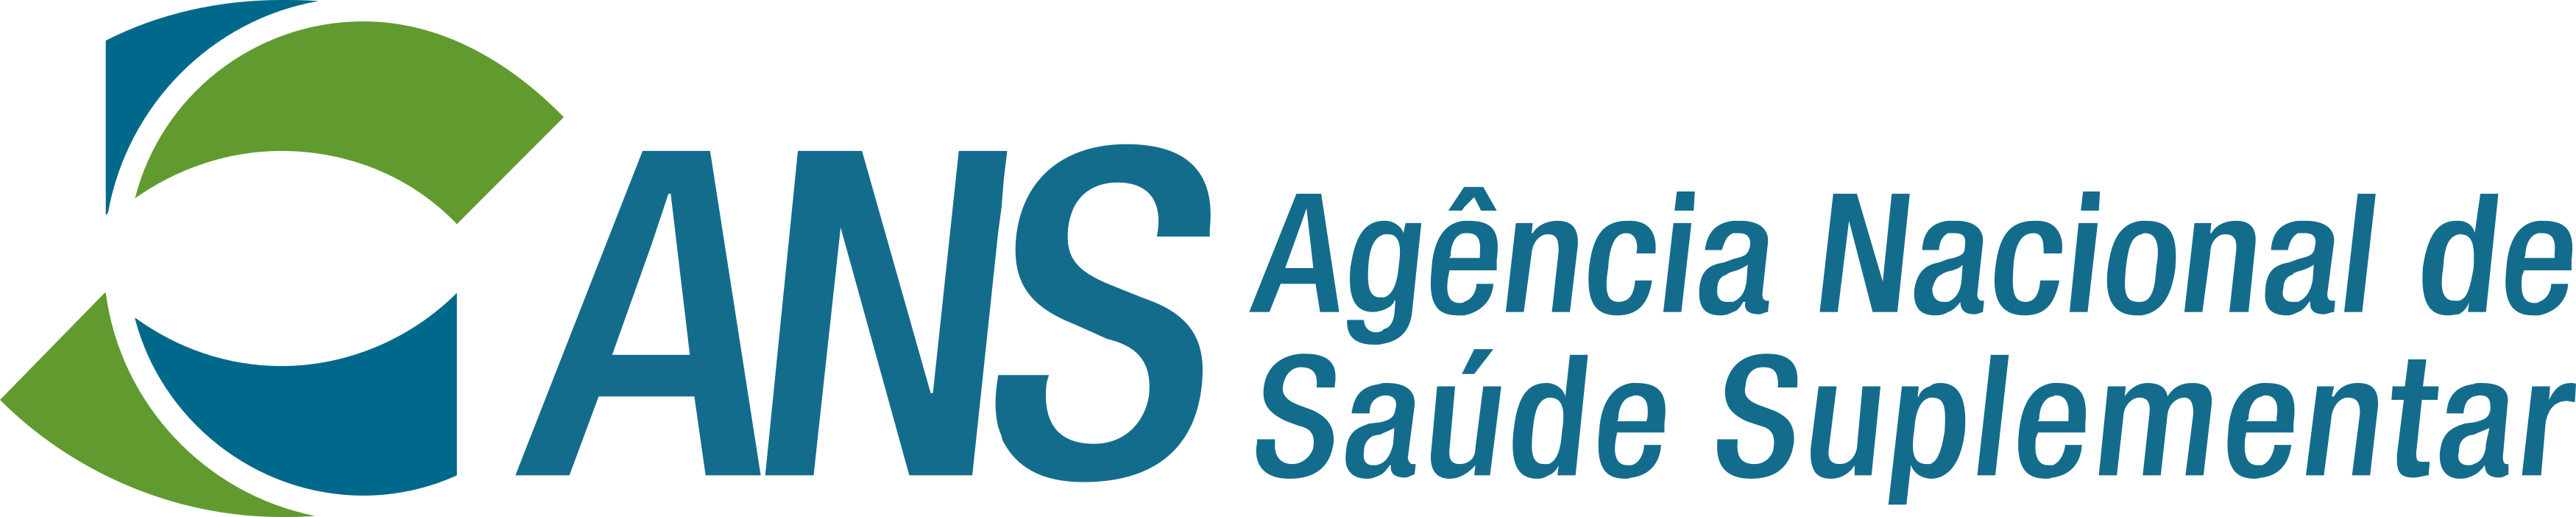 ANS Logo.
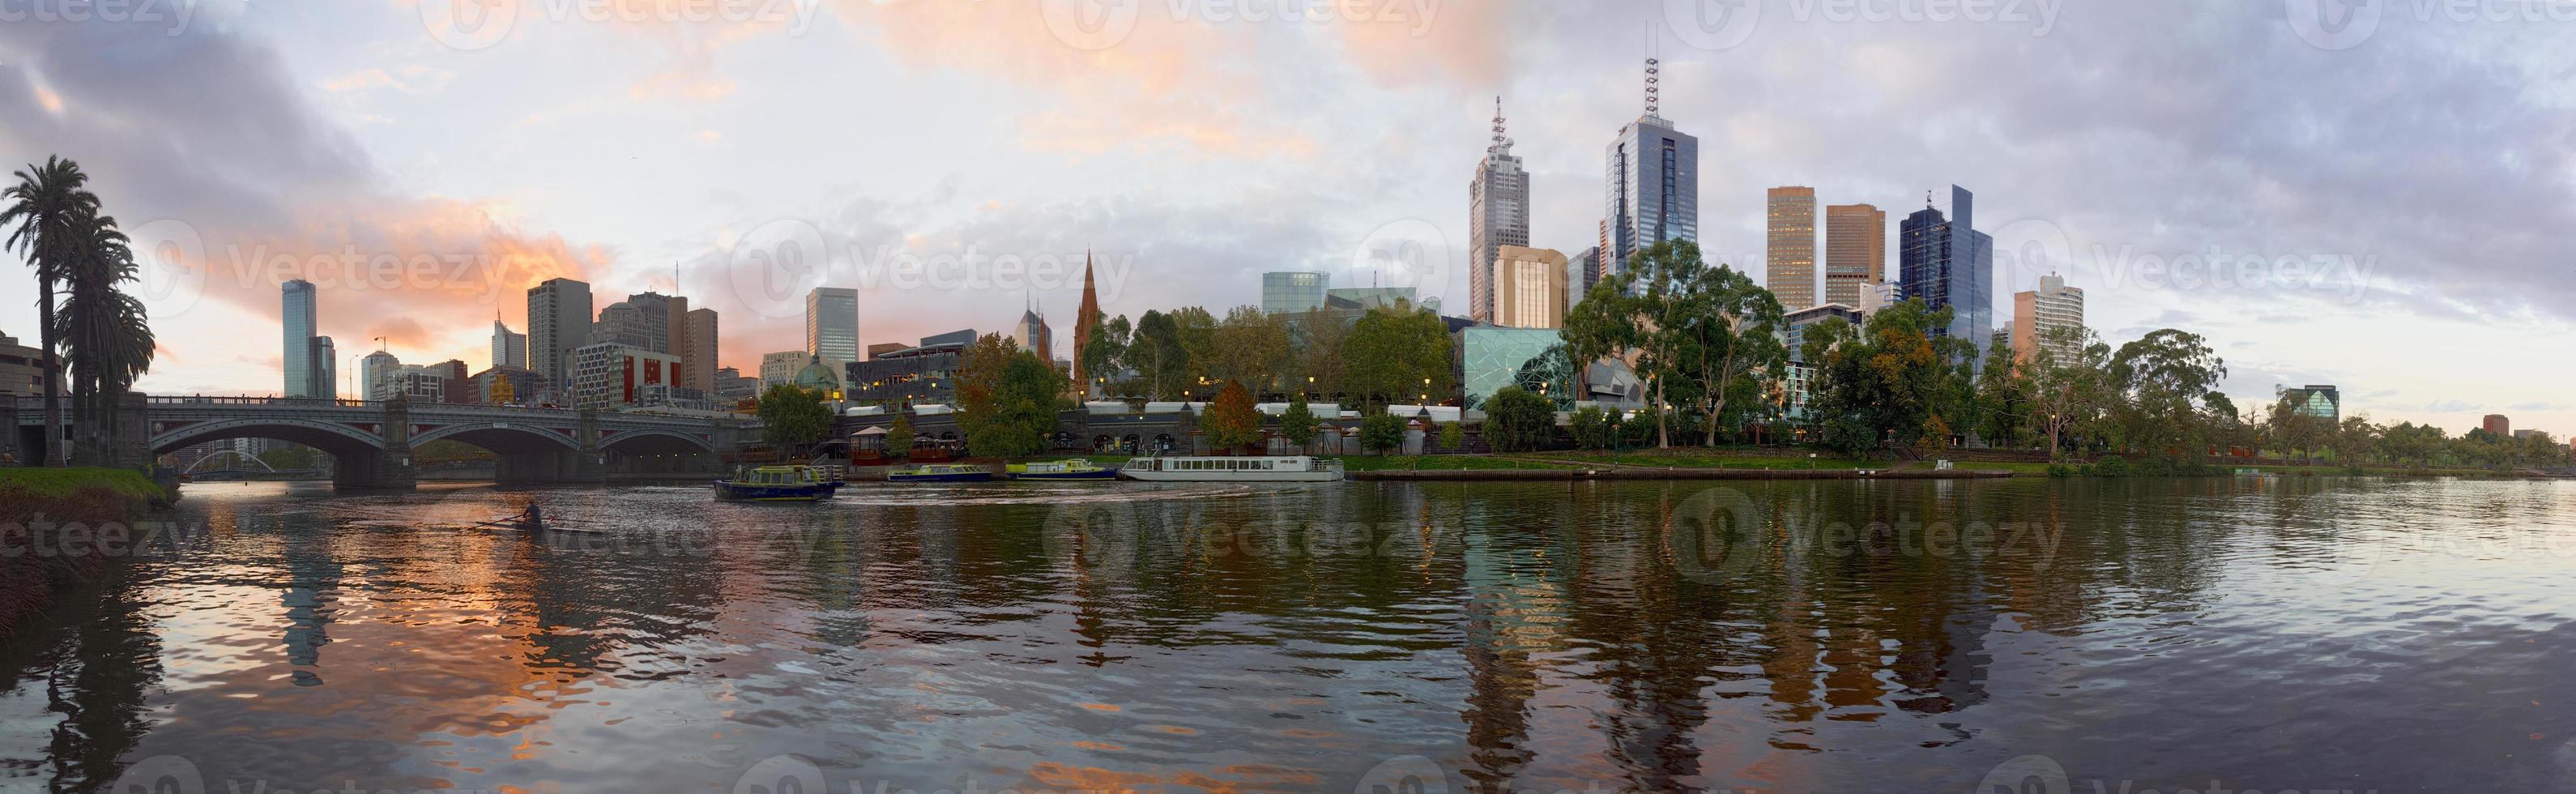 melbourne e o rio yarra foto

———

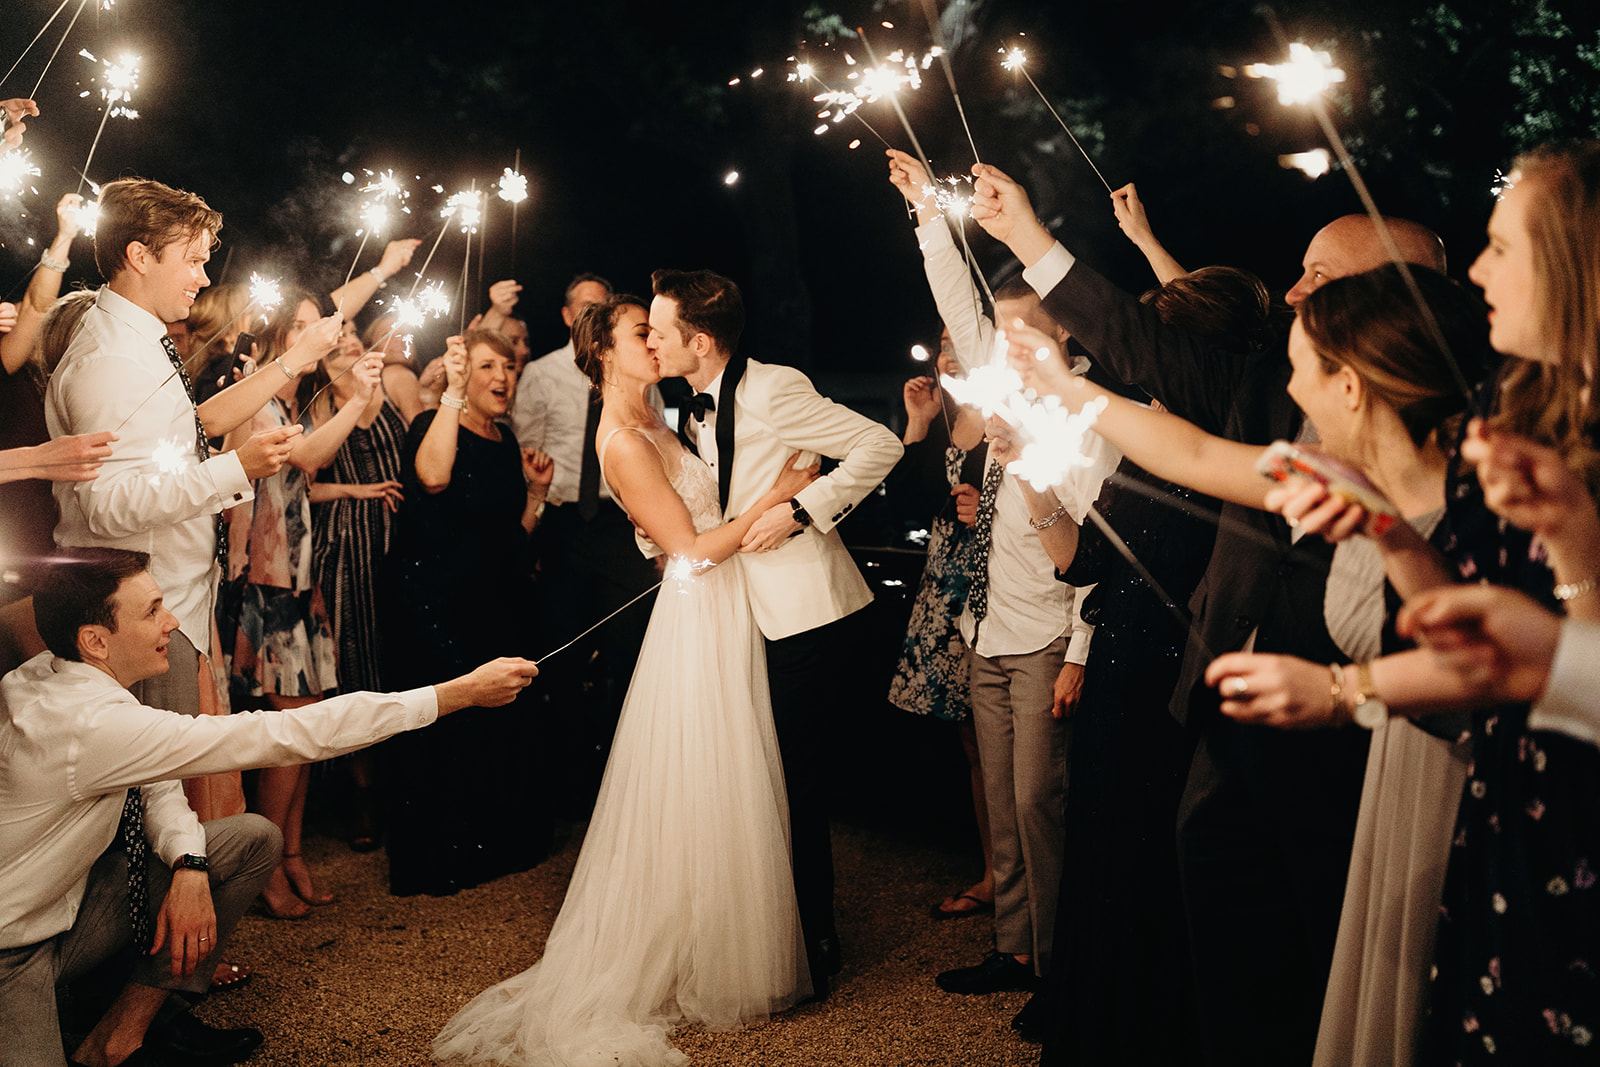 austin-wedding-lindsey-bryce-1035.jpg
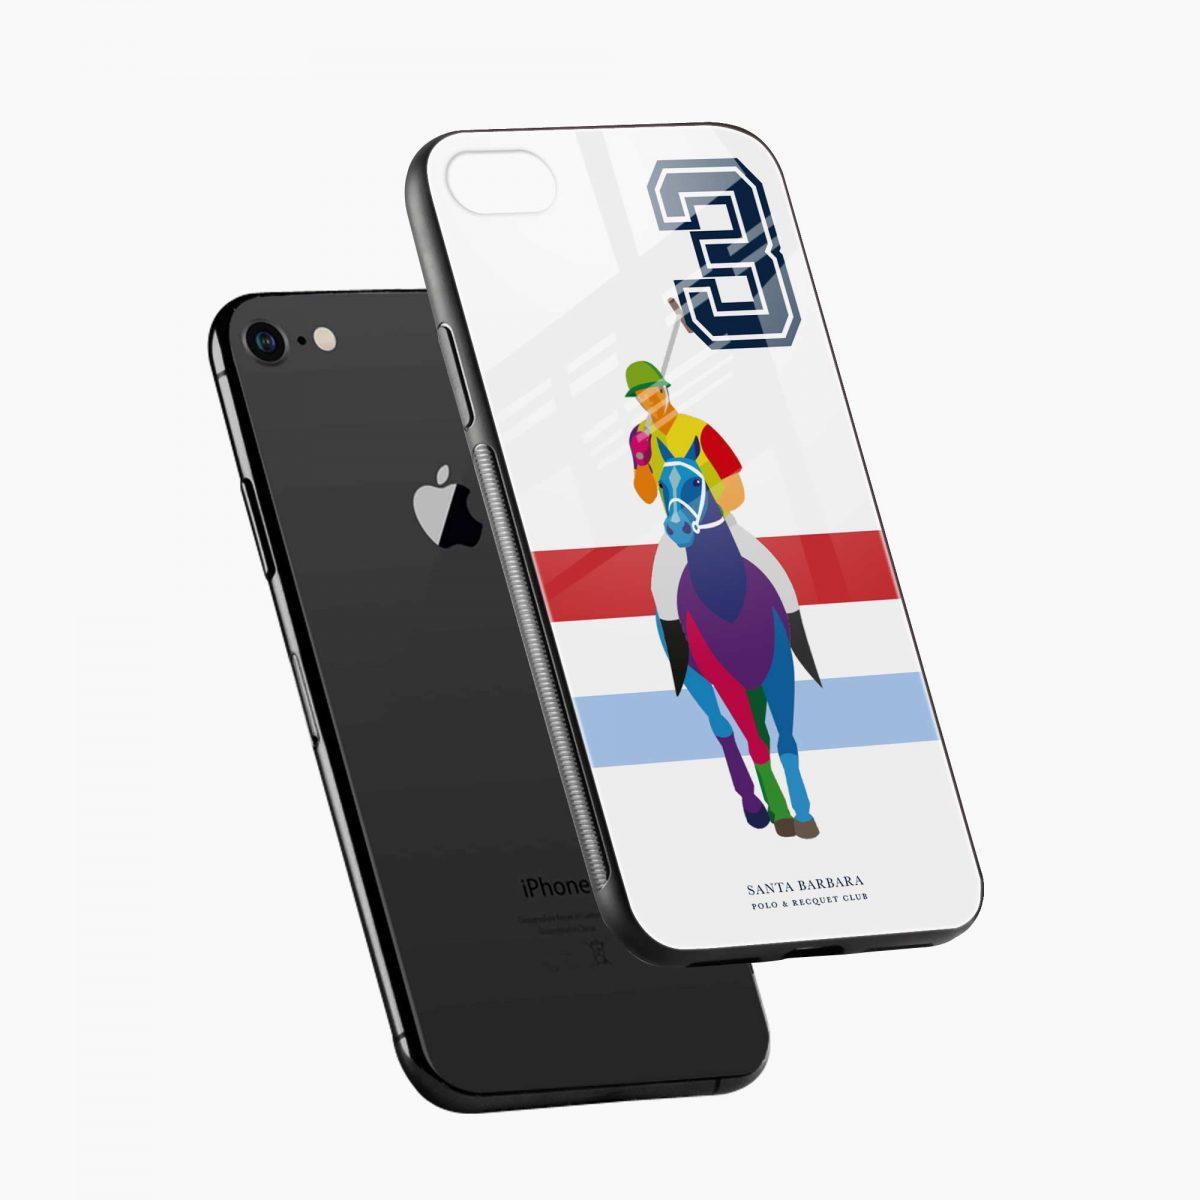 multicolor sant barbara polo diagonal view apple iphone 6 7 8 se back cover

———

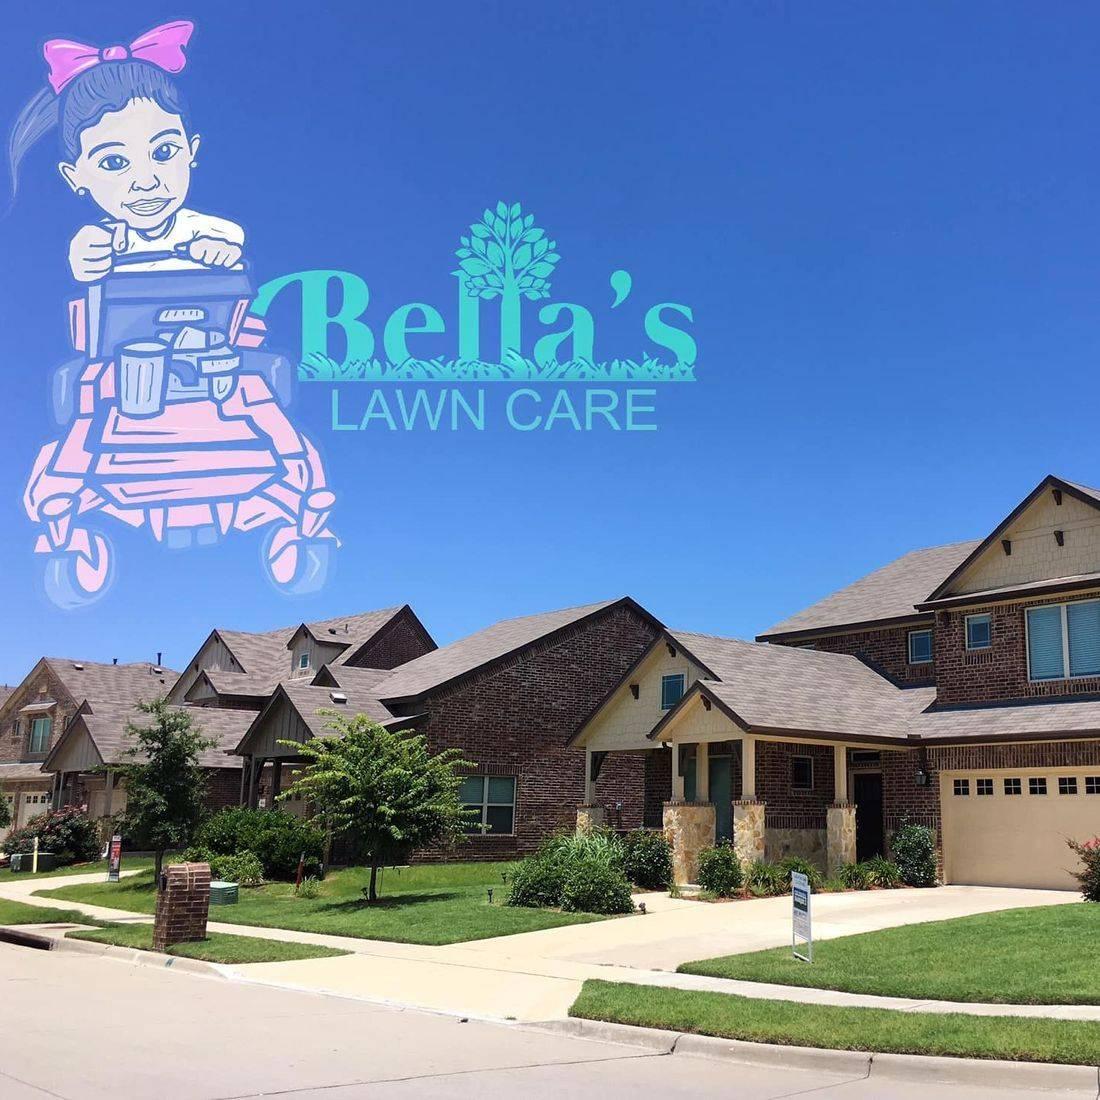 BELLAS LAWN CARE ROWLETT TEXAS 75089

———

§ Directions for this task
Above are the records; please give again, exactly and in full, only the lines that run from the line with "austin-wedding-lindsey-bryce-1035.jpg" through the line with "multicolor sant barbara", with no pictures.

§ The answer
 austin-wedding-lindsey-bryce-1035.jpg
 multicolor sant barbara polo diagonal view apple iphone 6 7 8 se back cover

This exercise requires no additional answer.